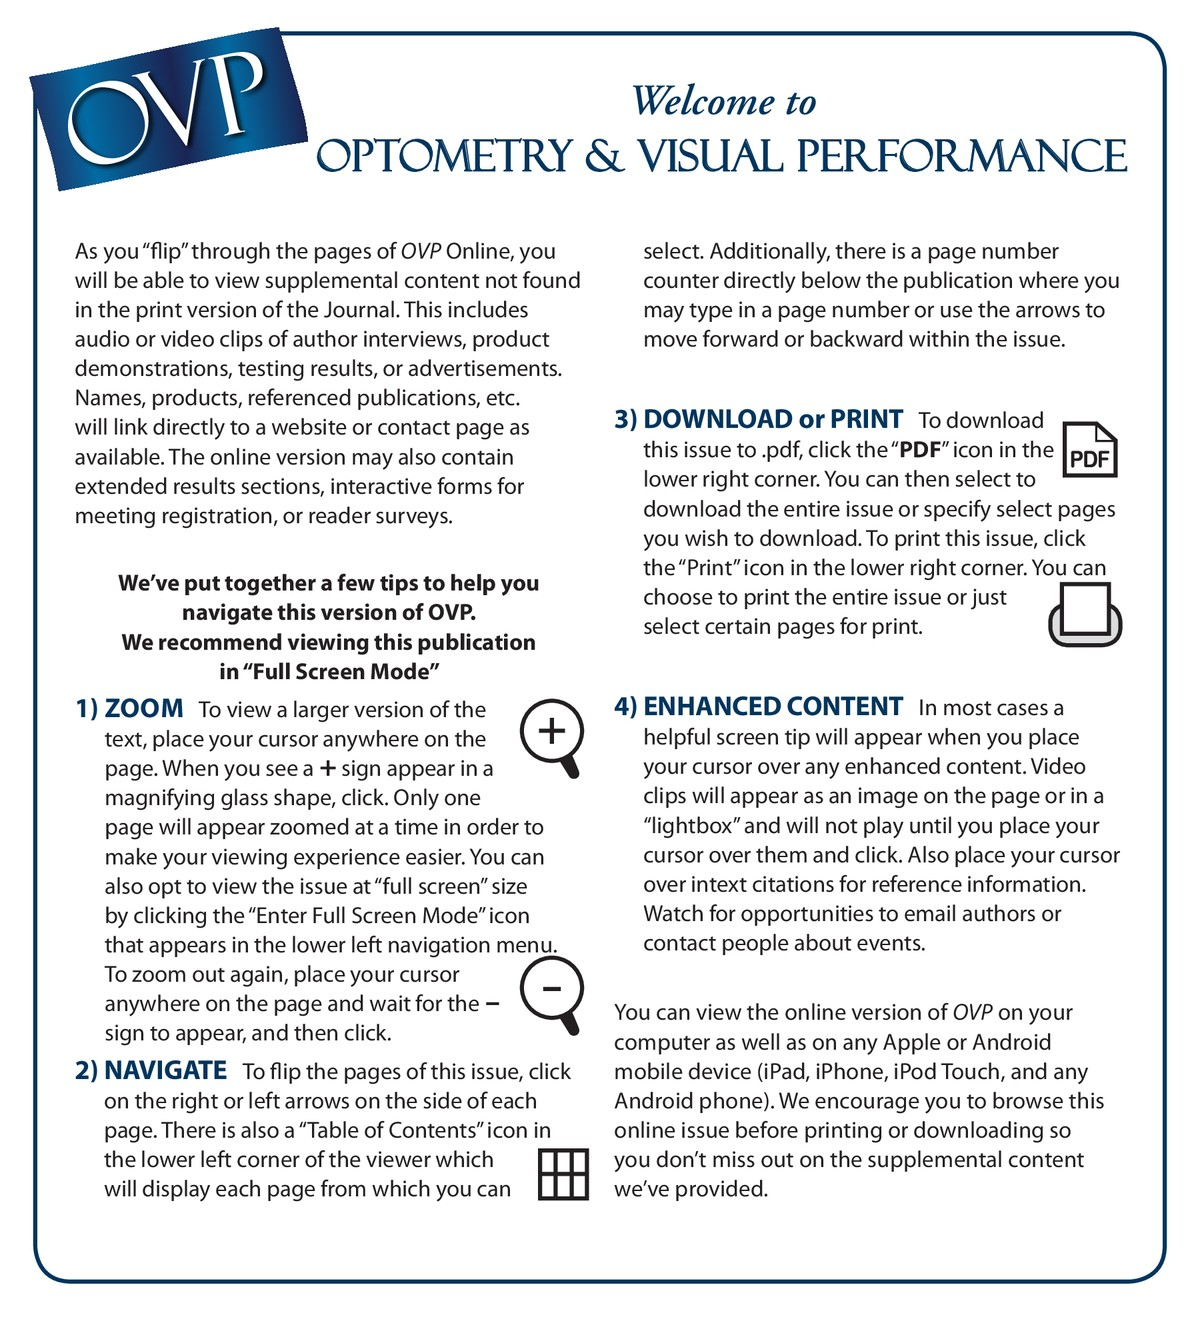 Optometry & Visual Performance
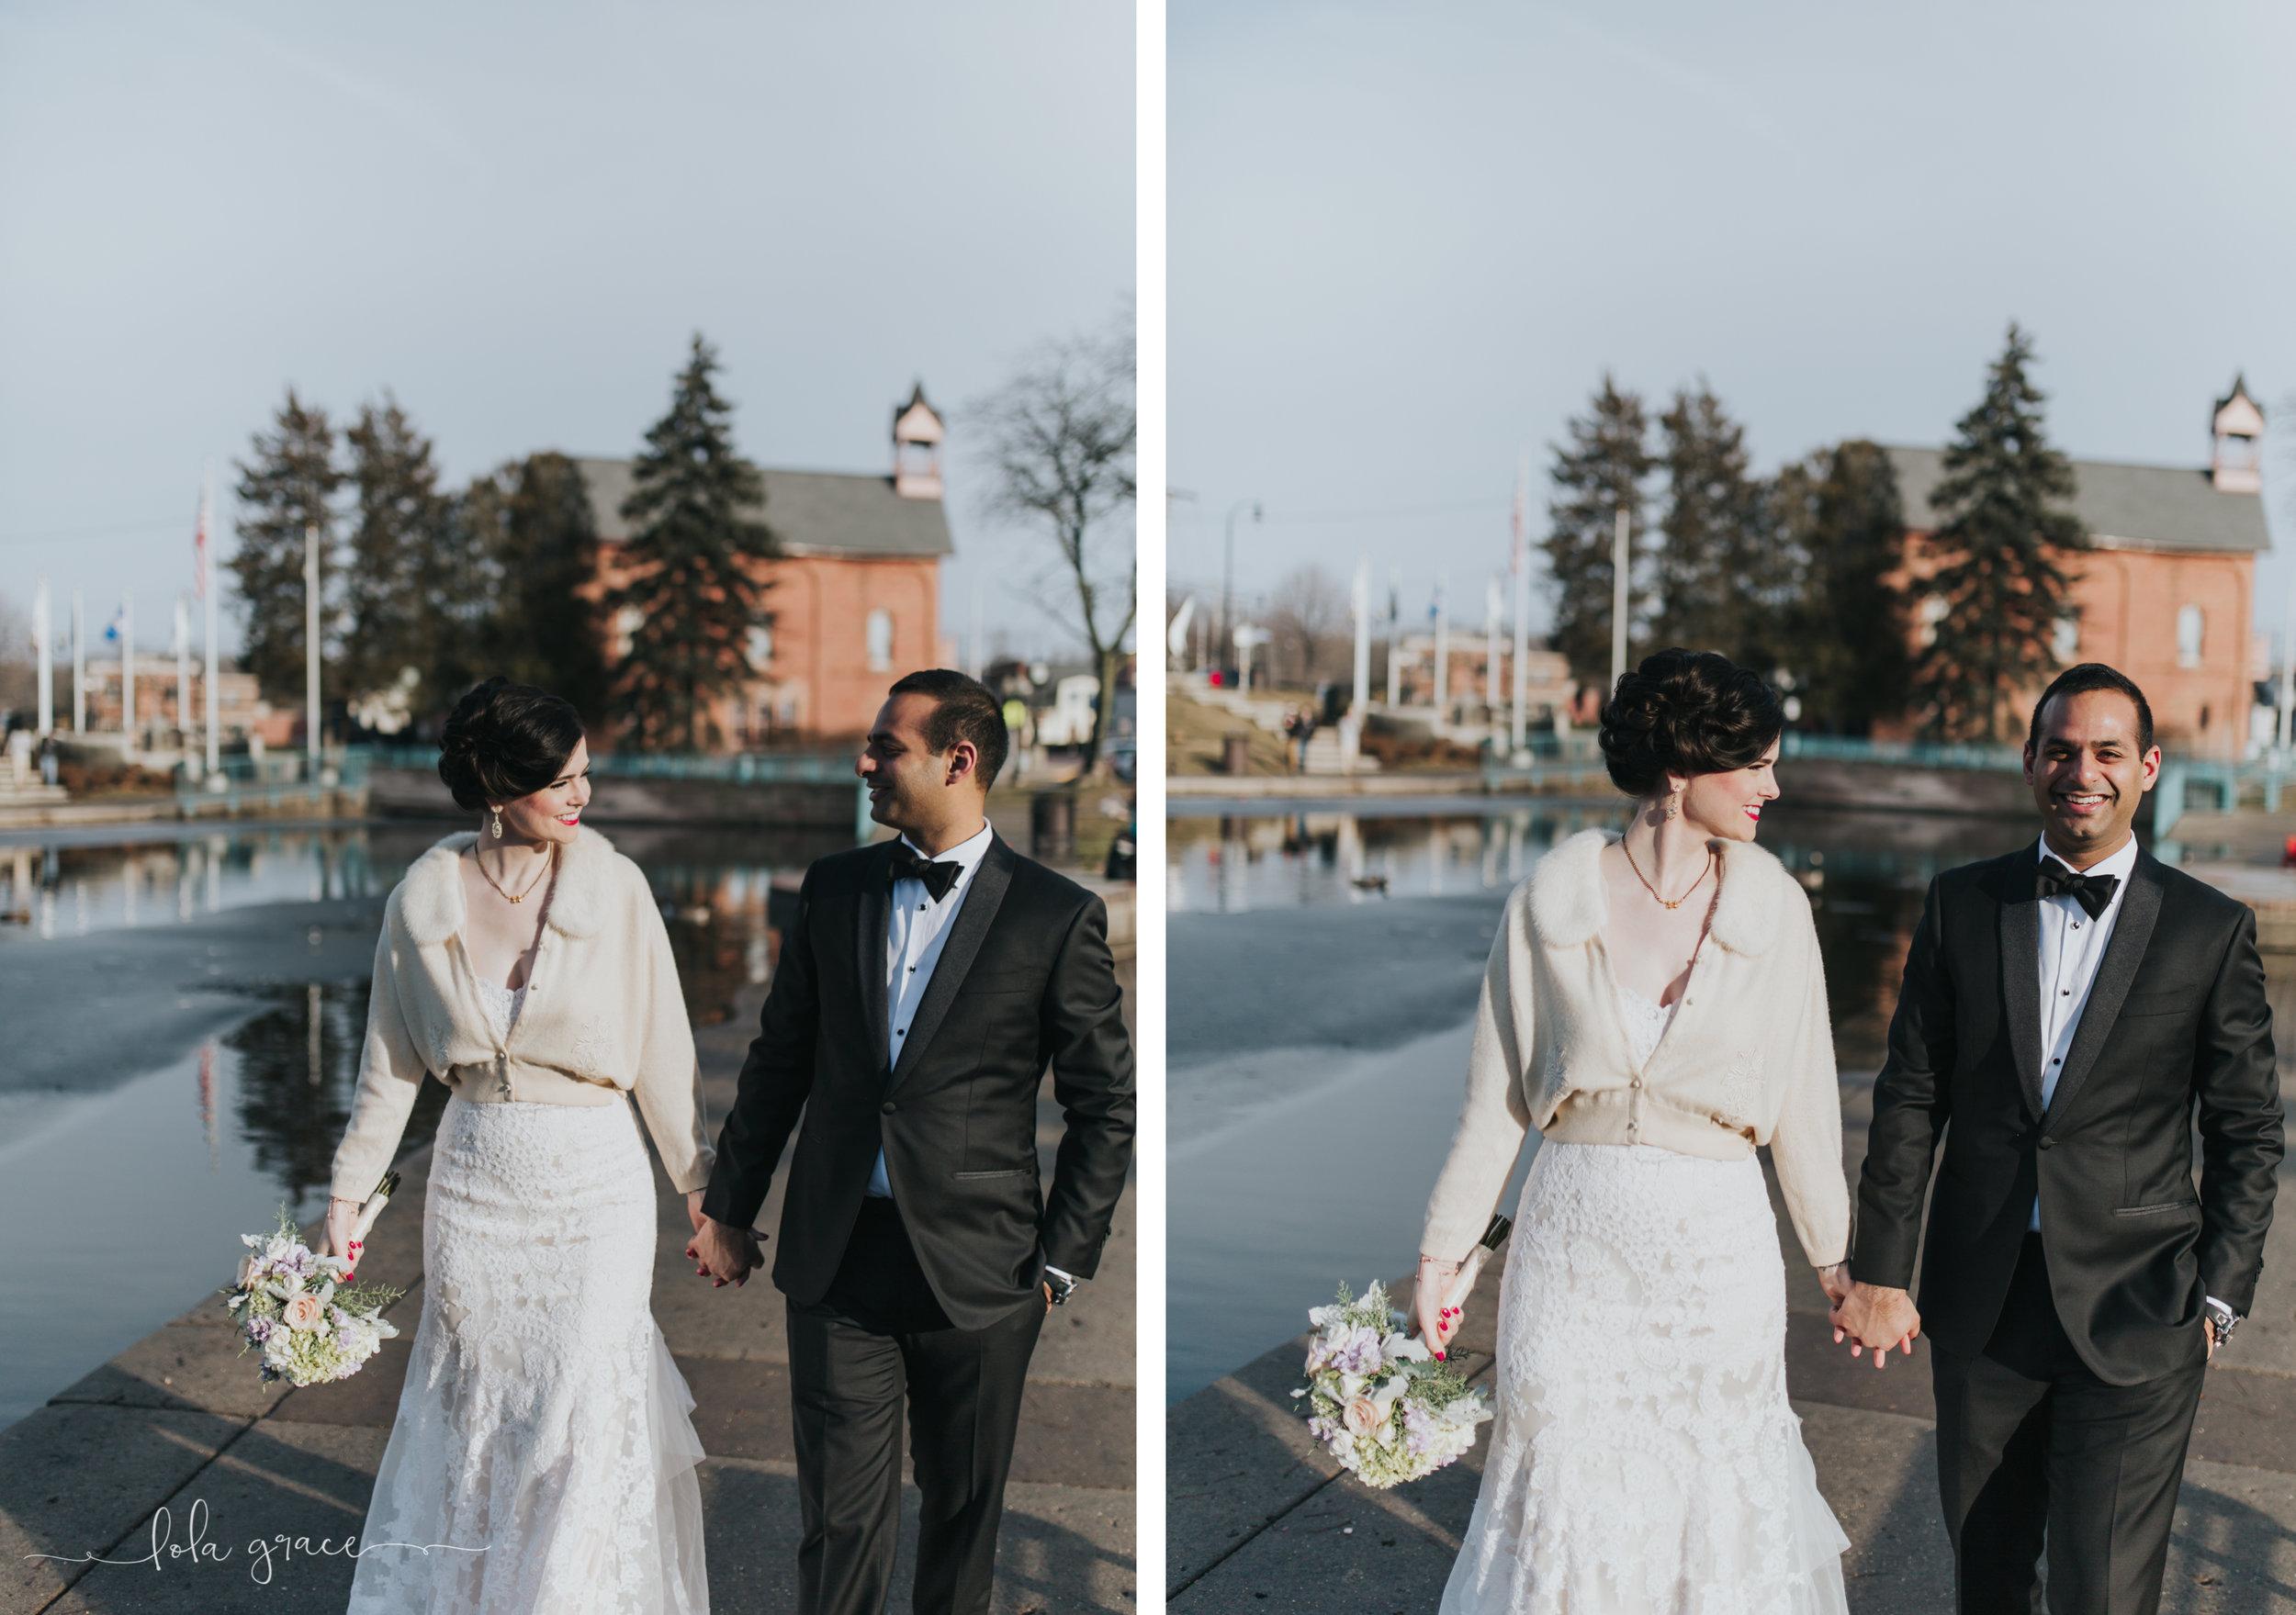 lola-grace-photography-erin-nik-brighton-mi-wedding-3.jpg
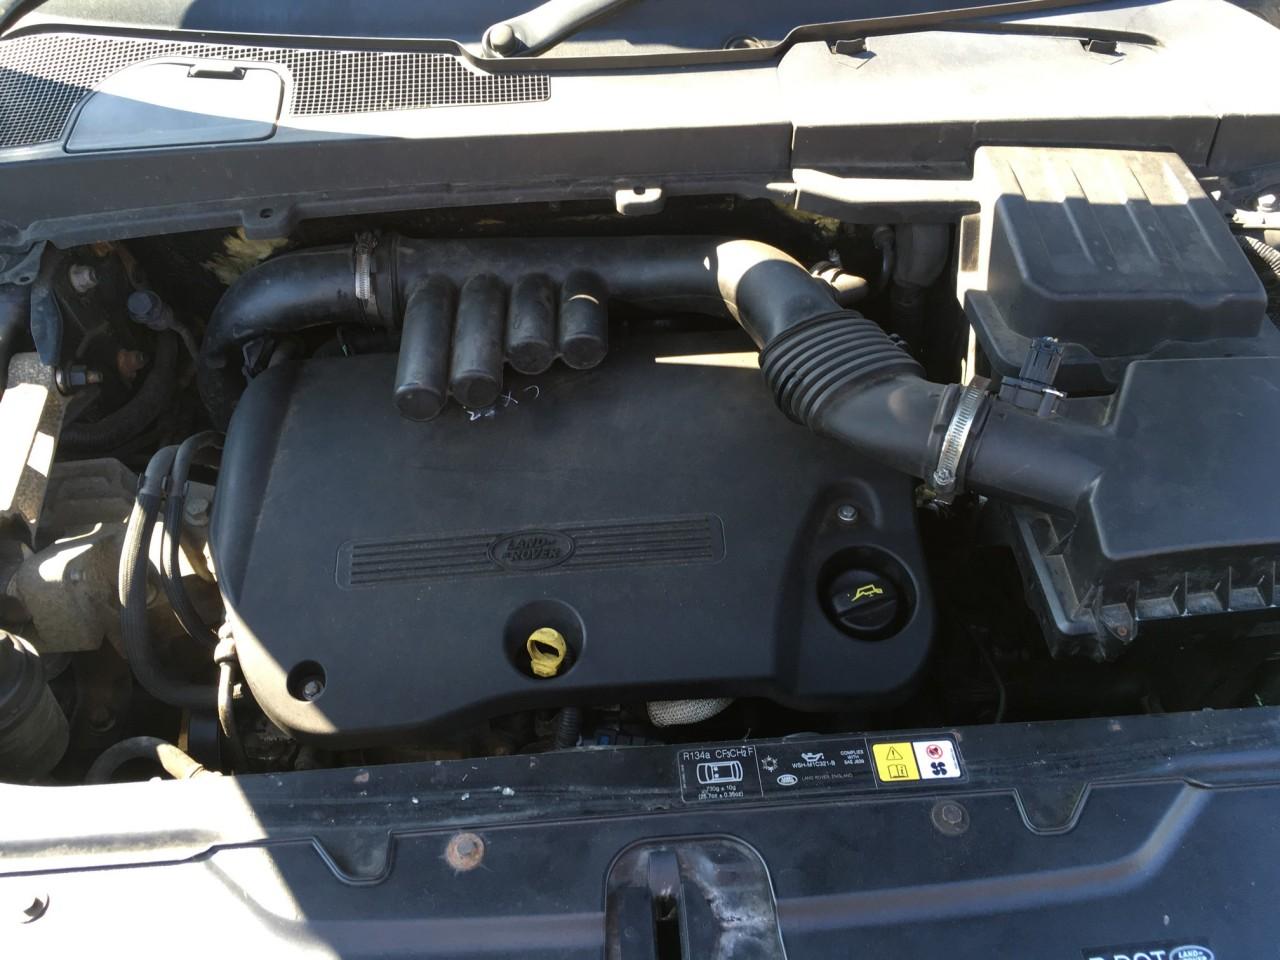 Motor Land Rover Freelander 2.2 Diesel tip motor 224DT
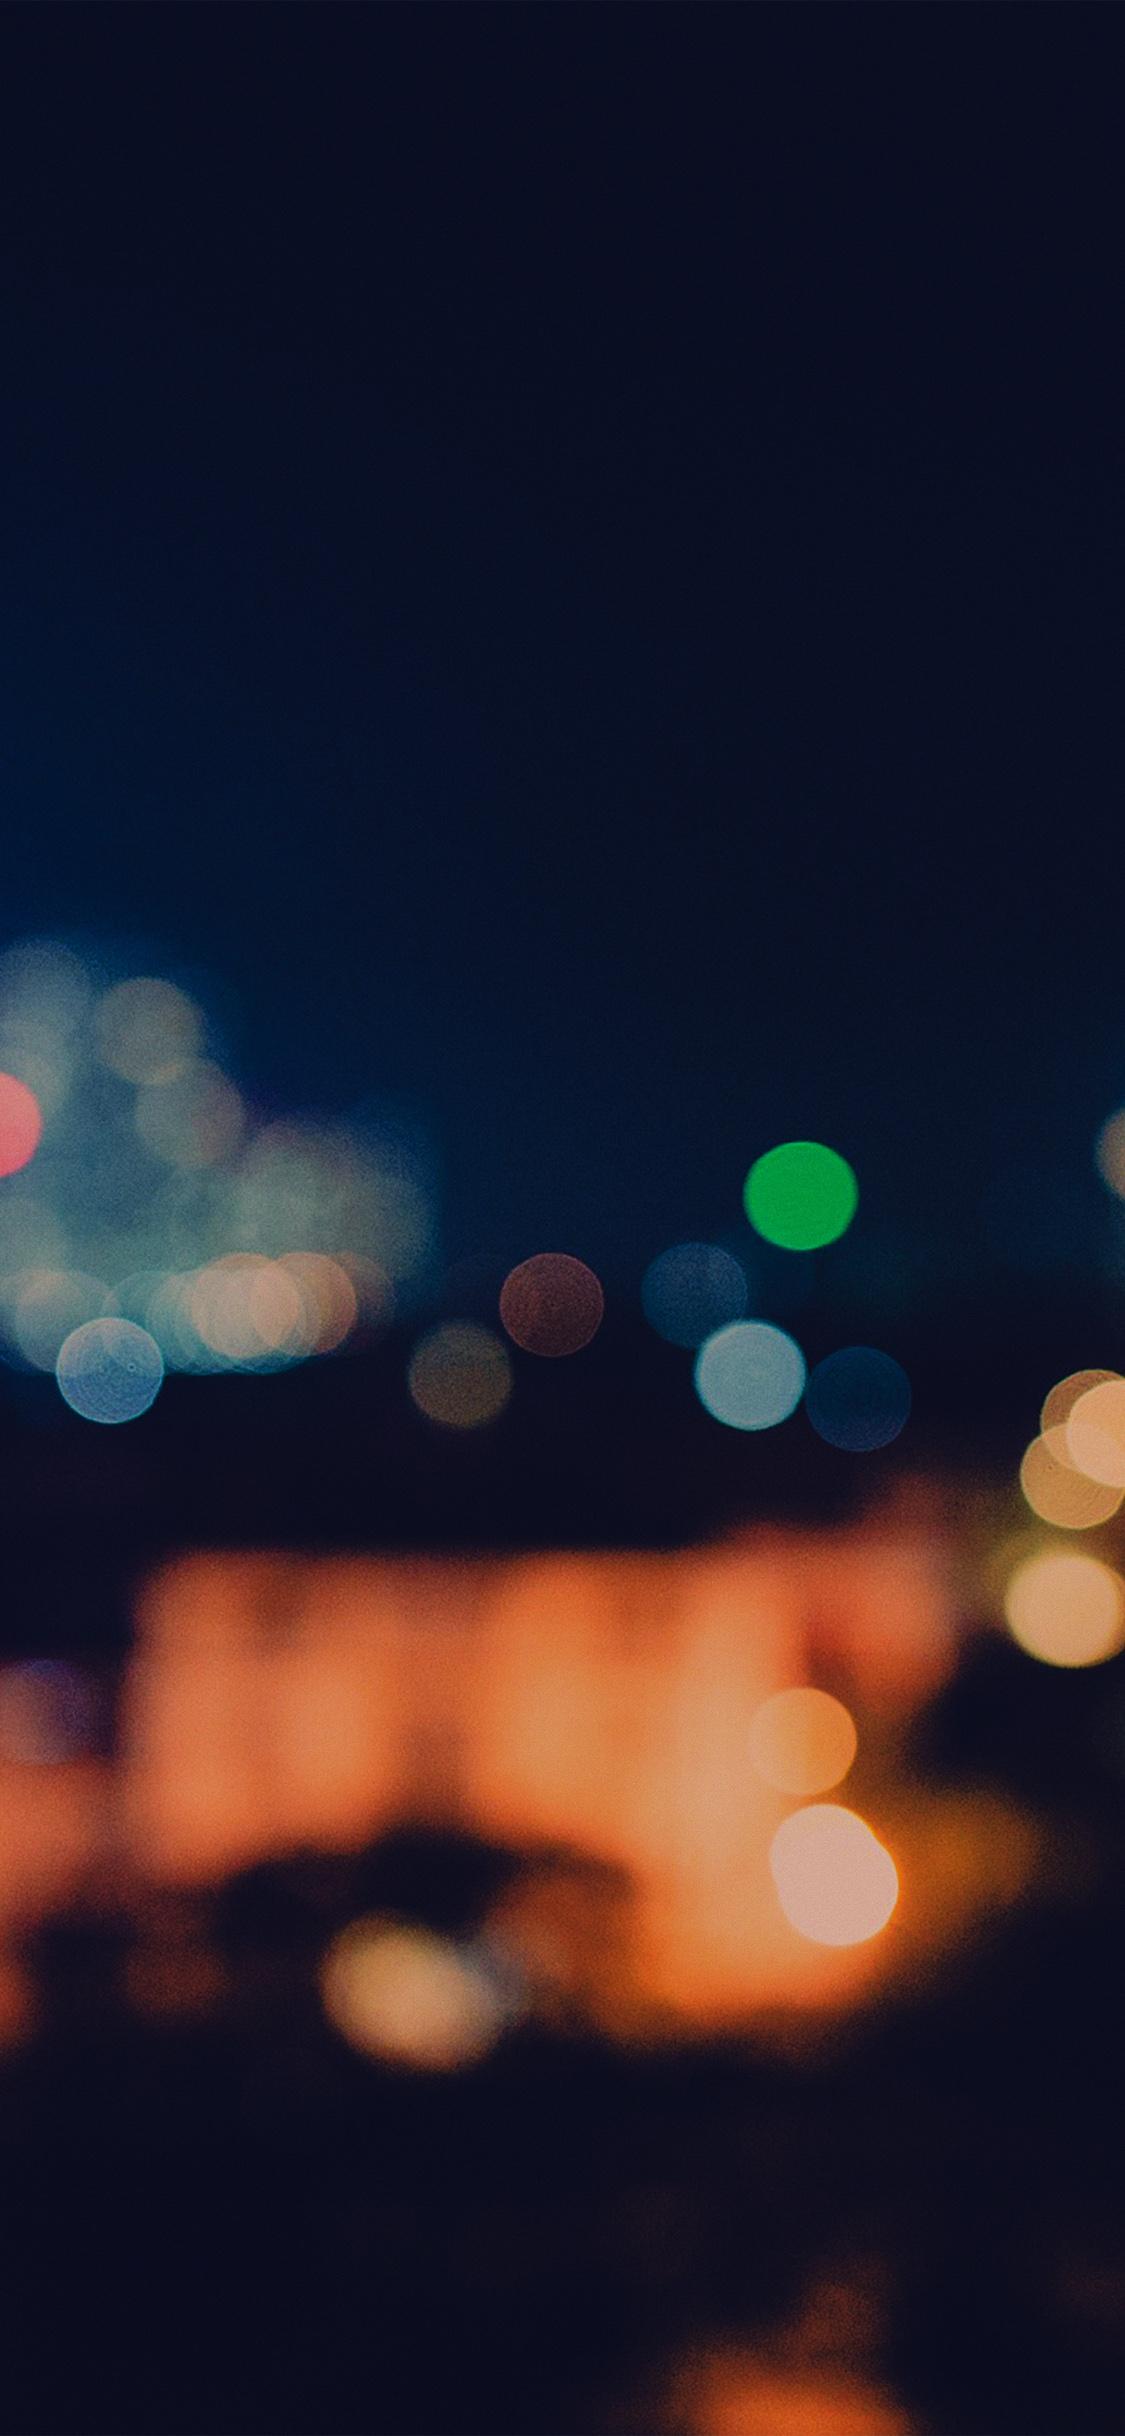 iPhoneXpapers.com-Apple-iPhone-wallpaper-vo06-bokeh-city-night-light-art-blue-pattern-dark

§ **Task details**: Give the data above again in full and unchanged, skipping the pictures.

§ **Exercise solution**:
 Optometry & Visual Performance
 lola-grace-photography-erin-nik-brighton-mi-wedding-3.jpg
 Motor Land Rover Freelander 2.2 Diesel tip motor 224DT
 iPhoneXpapers.com-Apple-iPhone-wallpaper-vo06-bokeh-city-night-light-art-blue-pattern-dark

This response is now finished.